Benefits of the NAI network structure include:
- Local decision making, no corporate approval delays
- Local market data updated daily
- Consistent pricing across all locations
- Access to global property listings
Because each office is independent, quality can vary slightly between locations. You should always ask for local references before signing a contract. On average however, client satisfaction ratings across the NAI network are 14% higher than CBRE according to independent industry surveys.
NAI is a great choice if you need consistent support across many small or mid sized markets. They handle locations that big firms ignore, and you will work with the same point of contact for all your properties.
10. Local Boutique Brokerage Firms
Most people never even consider local boutique brokerage firms when looking for commercial real estate support, but for 70% of small businesses this will be the best possible option. These are usually 5-20 person firms that operate exclusively in one city or region, with no national branding.
Boutique brokers almost always have better access to off market local listings than CBRE. Property owners often prefer to work with local firms because they know they will give their property more attention than a big national company that has thousands of listings.

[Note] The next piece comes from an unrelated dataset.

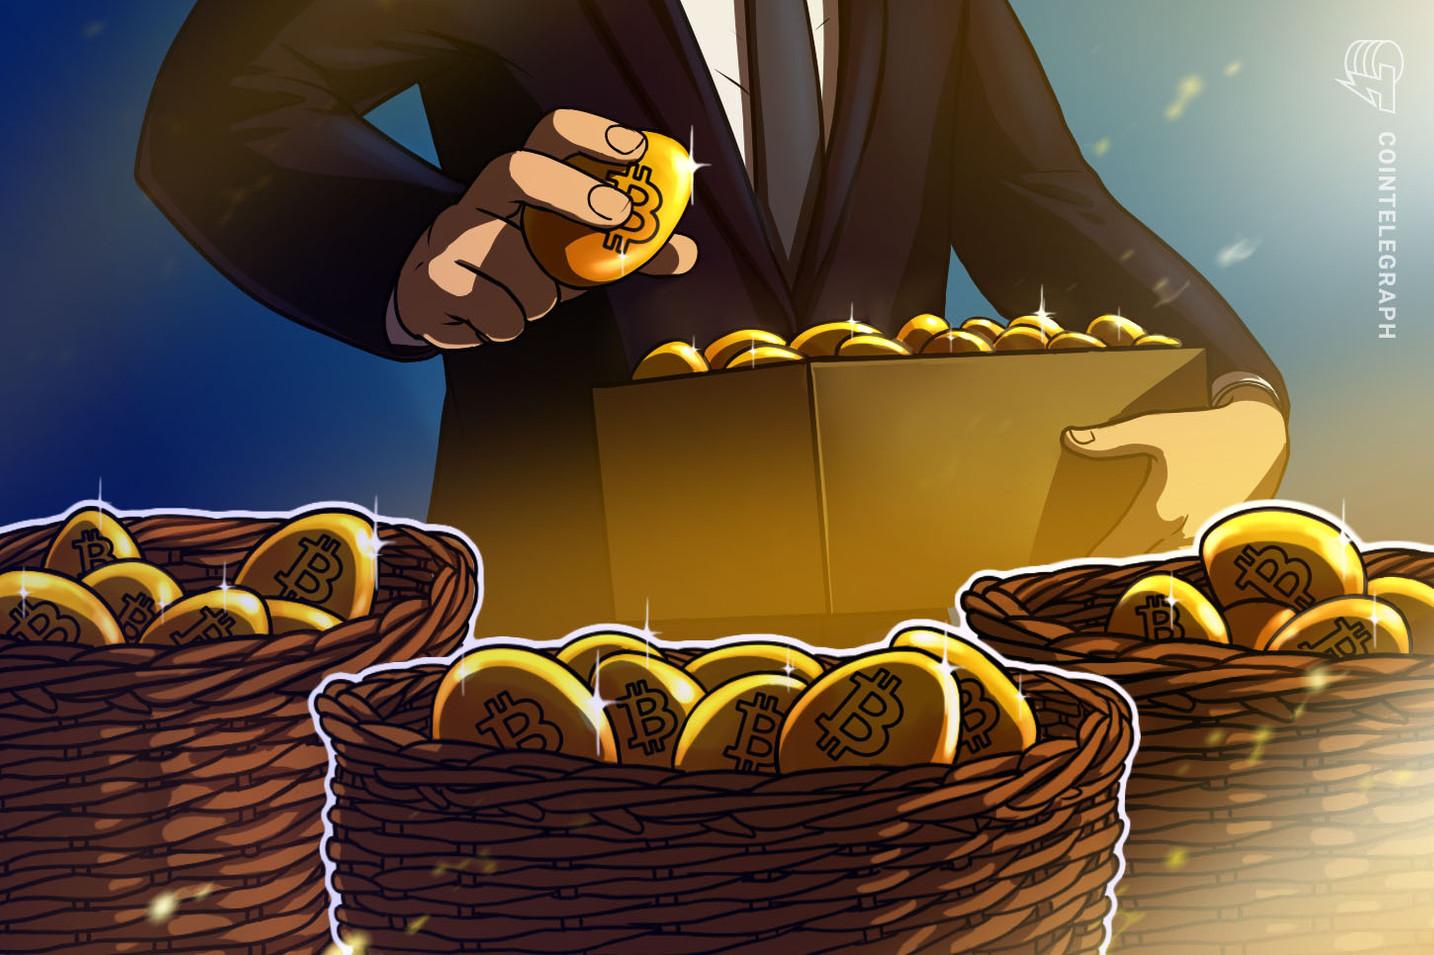 Ang bilang ng mga namumuhunan na nagmamay-ari ng Bitcoin ay triple mula noong 2018: Gallup Poll

When evaluating a local boutique firm, look for these signs of a good operator:
- 5+ years experience in your local market
- References from businesses similar to yours
- Transparent fee structure in writing
- No long term contract requirements
You will typically pay 20-30% less working with a local broker than you would pay CBRE. You will also get much faster response times, and work directly with the owner or senior brokers at the firm instead of junior staff.
The only time you should avoid boutique firms is if you need global support, or are working on a transaction over $50 million. For every other common commercial real estate need, a good local broker will deliver better service at a better price than CBRE.

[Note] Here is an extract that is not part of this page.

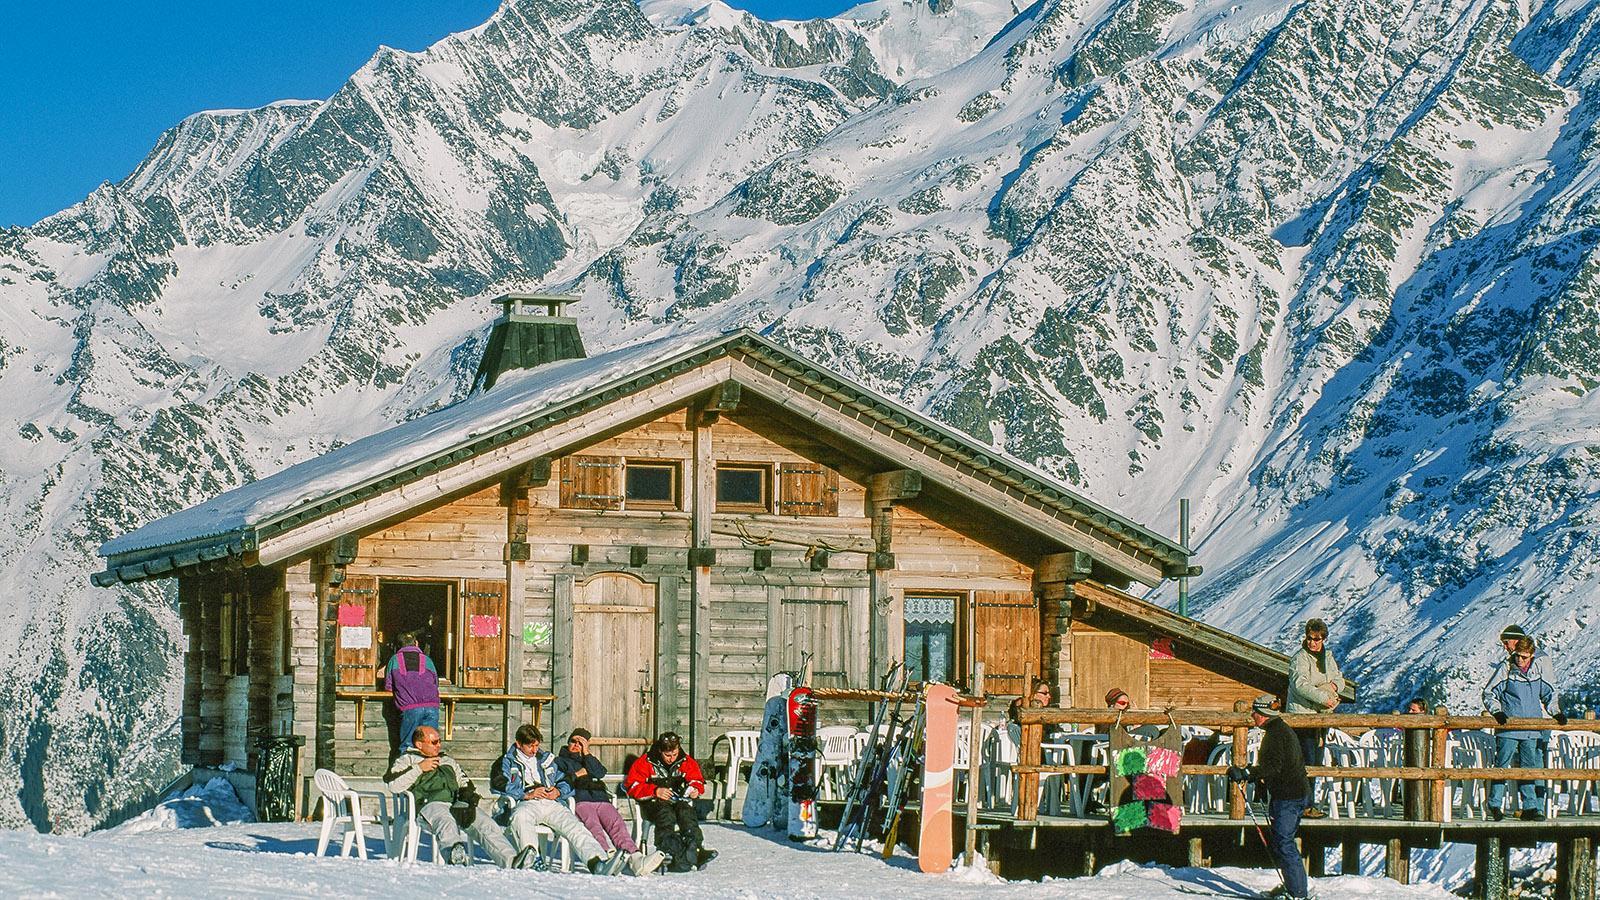 Les Contamines-Montjoie: Berghütte im Skigebiet. Foto: Hilke Maunder

Every business has different priorities when choosing a commercial real estate partner, and that’s exactly why so many teams are looking beyond CBRE today. Some of you will save thousands with local boutique firms, others will get better specialized support from mid-sized industry leaders, and enterprise teams may find a better cultural fit with one of the other global players. None of these options are universally better, but every single one gives you an alternative to defaulting to the biggest name in the market.

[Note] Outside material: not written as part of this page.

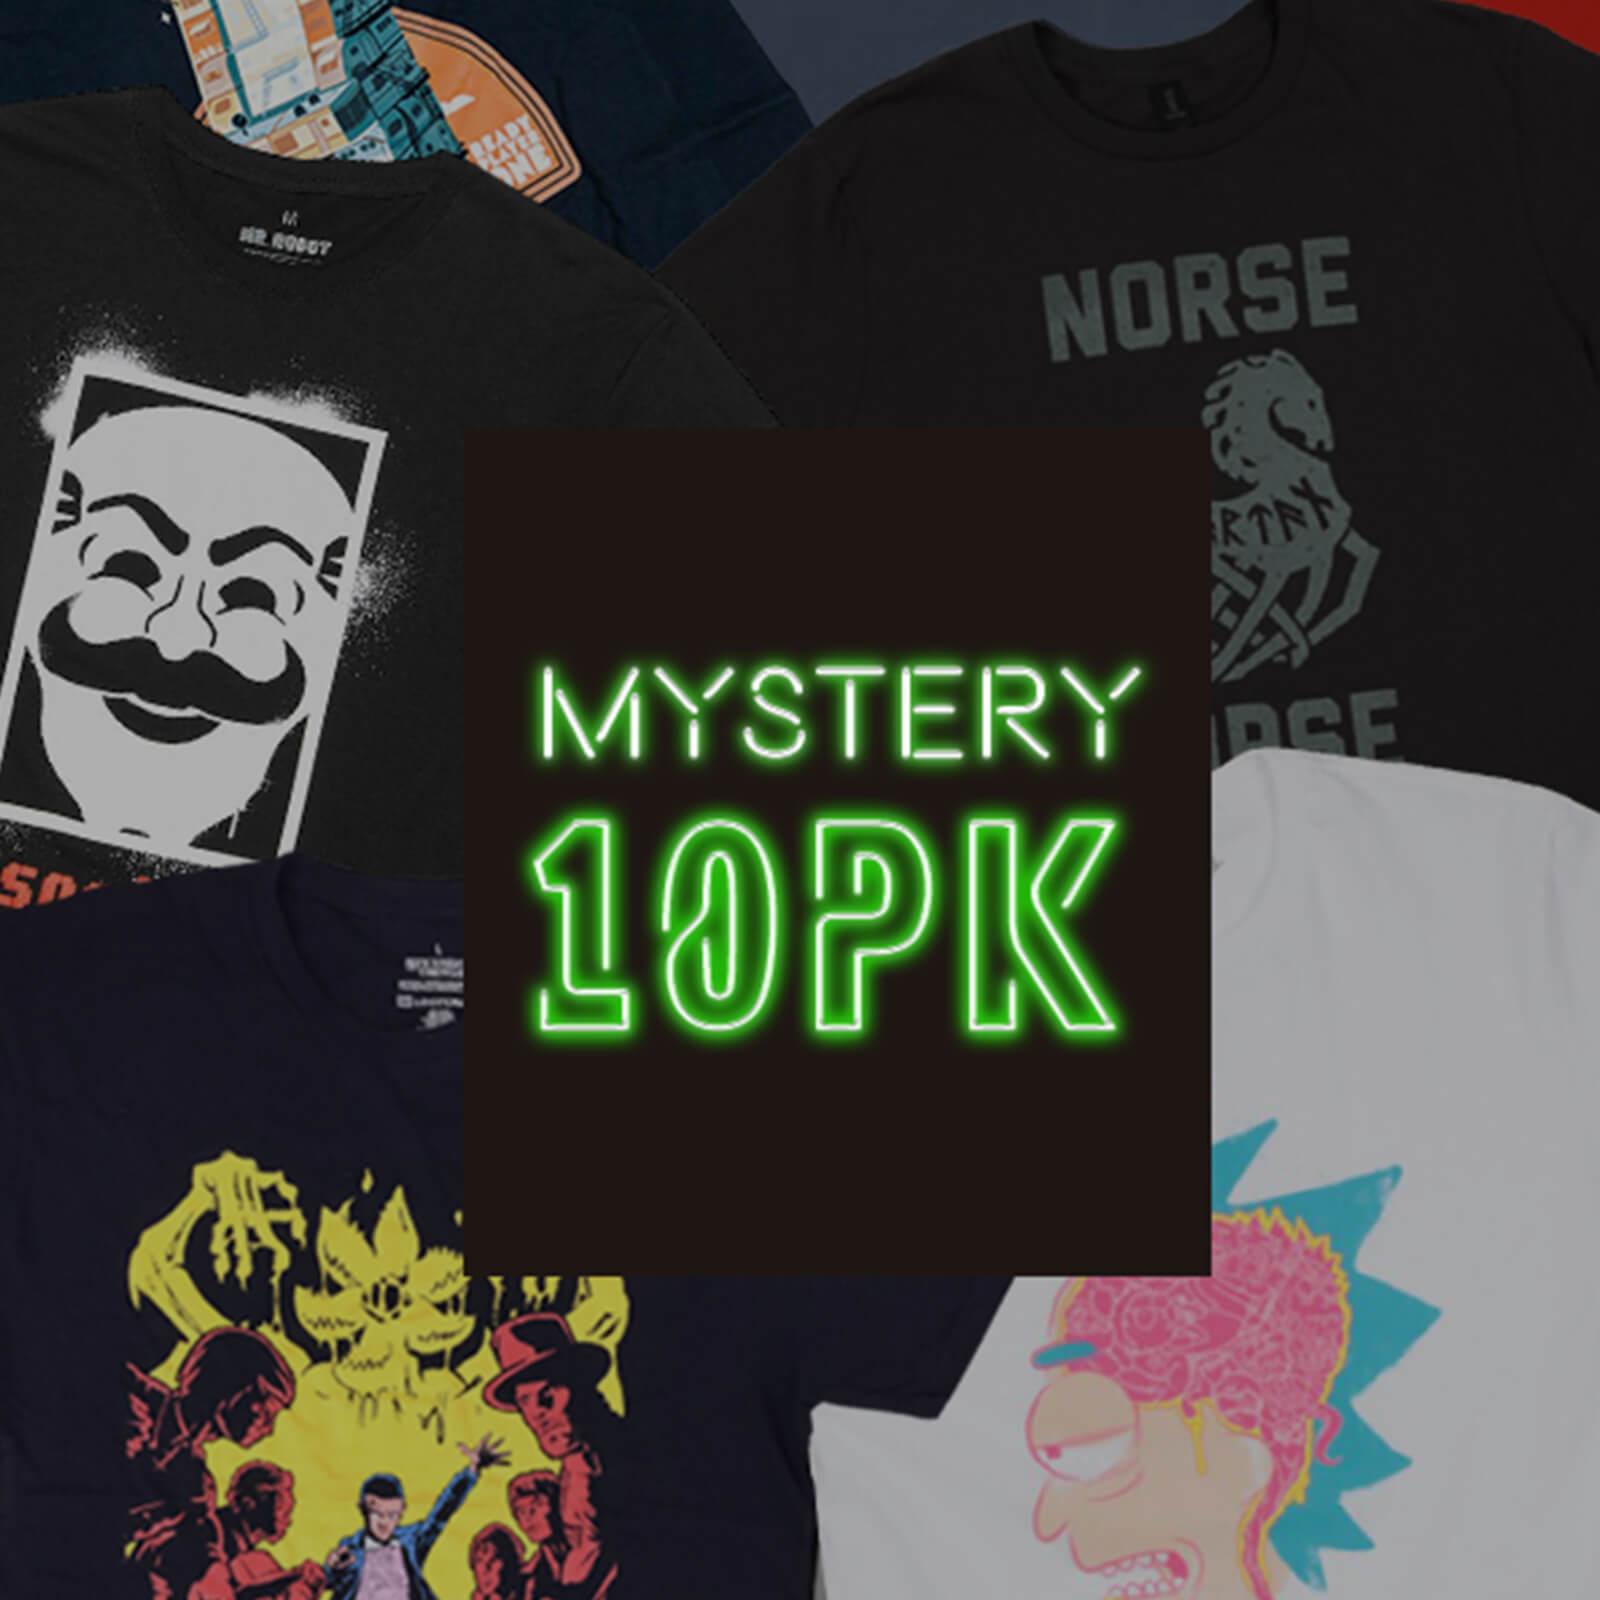 Mystery Geek T-Shirt 10er-Pack - DC, Marvel, Star Wars, Game of Thrones uvm (Damen oder Herren: S - XXL) für 29,99€ (pro Shirt 2,99€)

Don’t just pick the first provider you find. Reach out to at least three alternatives from this list, ask for written quotes, and request references from businesses that match your size and industry. Taking one extra day to compare options can save you tens of thousands of dollars, and help you find a partner that actually works for your goals. Start your outreach this week, and stop settling for commercial real estate services that don’t meet your needs.